--- Description of the task ---
Could you return the entire listing below exactly as written?

--- Provided data ---
- - - - -

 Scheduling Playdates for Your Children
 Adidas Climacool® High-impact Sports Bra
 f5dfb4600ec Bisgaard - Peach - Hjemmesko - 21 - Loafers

- - - - -

--- Solution for this problem ---
 Scheduling Playdates for Your Children
 Adidas Climacool® High-impact Sports Bra
 f5dfb4600ec Bisgaard - Peach - Hjemmesko - 21 - Loafers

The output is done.